Temporal Patience: Efficient Adaptive Deep Learning for Embedded Radar Data Processing
Sponner, Max, Ott, Julius, Servadei, Lorenzo, Waschneck, Bernd, Wille, Robert, Kumar, Akash
Radar sensors offer power-efficient solutions for always-on smart devices, but processing the data streams on resource-constrained embedded platforms remains challenging. This paper presents novel techniques that leverage the temporal correlation present in streaming radar data to enhance the efficiency of Early Exit Neural Networks for Deep Learning inference on embedded devices. These networks add additional classifier branches between the architecture's hidden layers that allow for an early termination of the inference if their result is deemed sufficient enough by an at-runtime decision mechanism. Our methods enable more informed decisions on when to terminate the inference, reducing computational costs while maintaining a minimal loss of accuracy. Our results demonstrate that our techniques save up to 26% of operations per inference over a Single Exit Network and 12% over a confidence-based Early Exit version. Our proposed techniques work on commodity hardware and can be combined with traditional optimizations, making them accessible for resource-constrained embedded platforms commonly used in smart devices. Such efficiency gains enable real-time radar data processing on resource-constrained platforms, allowing for new applications in the context of smart homes, Internet-of-Things, and human-computer interaction.
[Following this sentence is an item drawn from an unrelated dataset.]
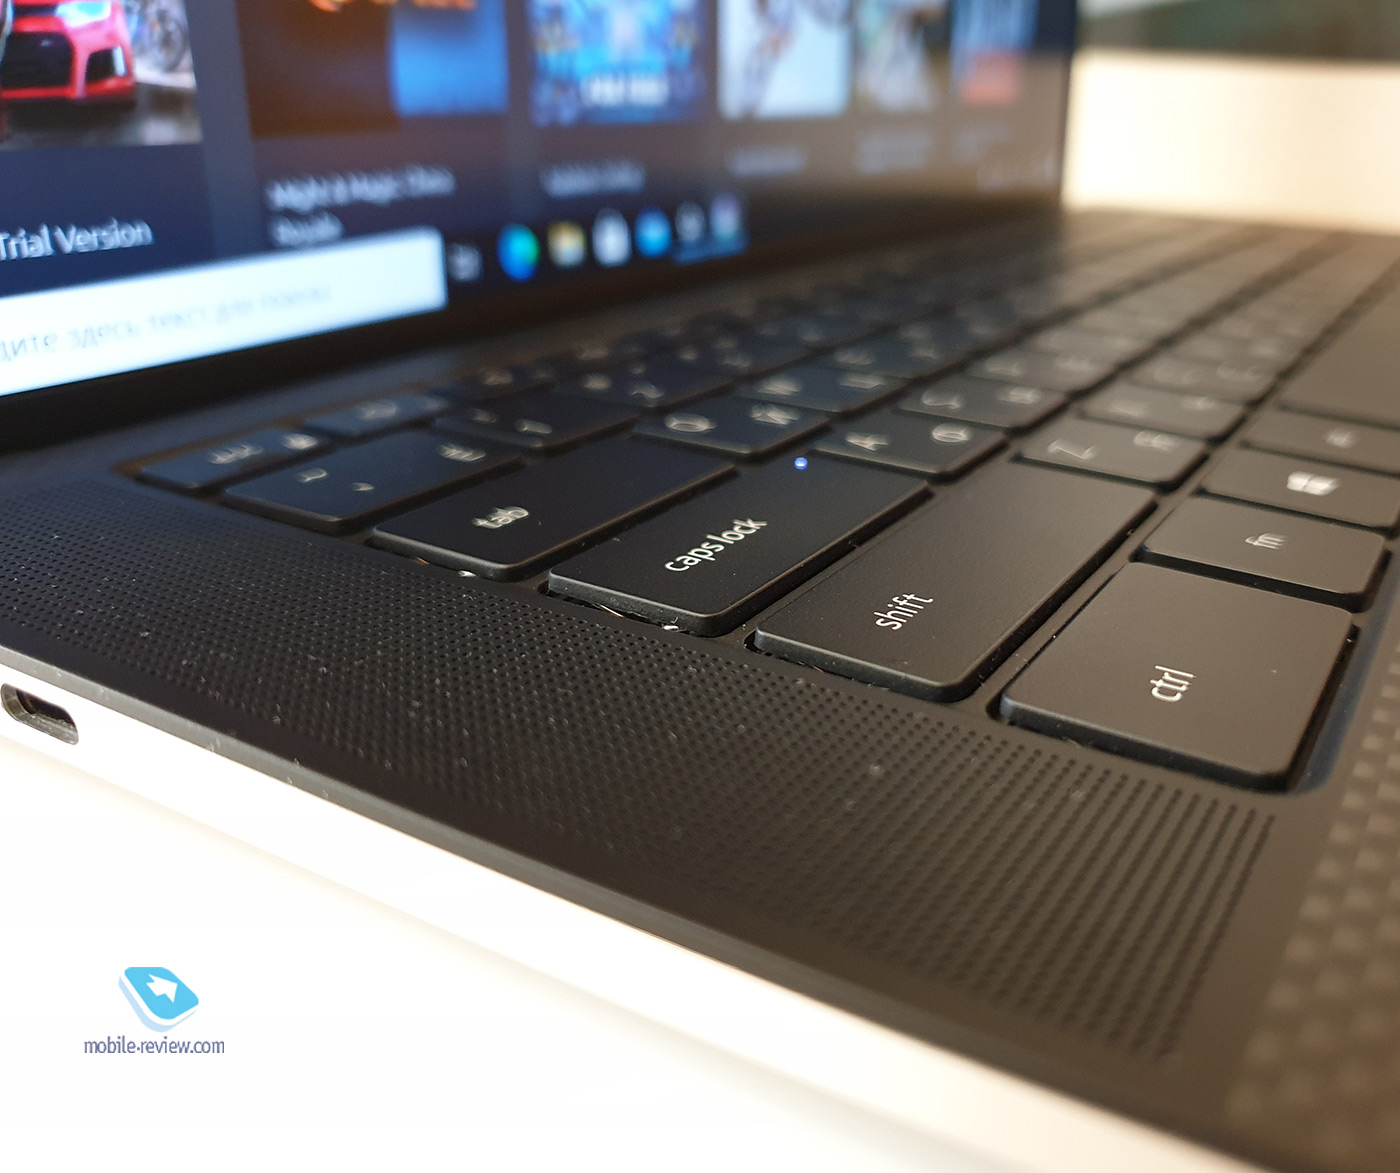  Dell XPS 15 9500:   2020

Multi-Task Cross-Modality Attention-Fusion for 2D Object Detection
Sun, Huawei, Feng, Hao, Stettinger, Georg, Servadei, Lorenzo, Wille, Robert
Accurate and robust object detection is critical for autonomous driving. Image-based detectors face difficulties caused by low visibility in adverse weather conditions. Thus, radar-camera fusion is of particular interest but presents challenges in optimally fusing heterogeneous data sources. To approach this issue, we propose two new radar preprocessing techniques to better align radar and camera data. In addition, we introduce a Multi-Task Cross-Modality Attention-Fusion Network (MCAF-Net) for object detection, which includes two new fusion blocks. These allow for exploiting information from the feature maps more comprehensively. The proposed algorithm jointly detects objects and segments free space, which guides the model to focus on the more relevant part of the scene, namely, the occupied space. Our approach outperforms current state-of-the-art radar-camera fusion-based object detectors in the nuScenes dataset and achieves more robust results in adverse weather conditions and nighttime scenarios.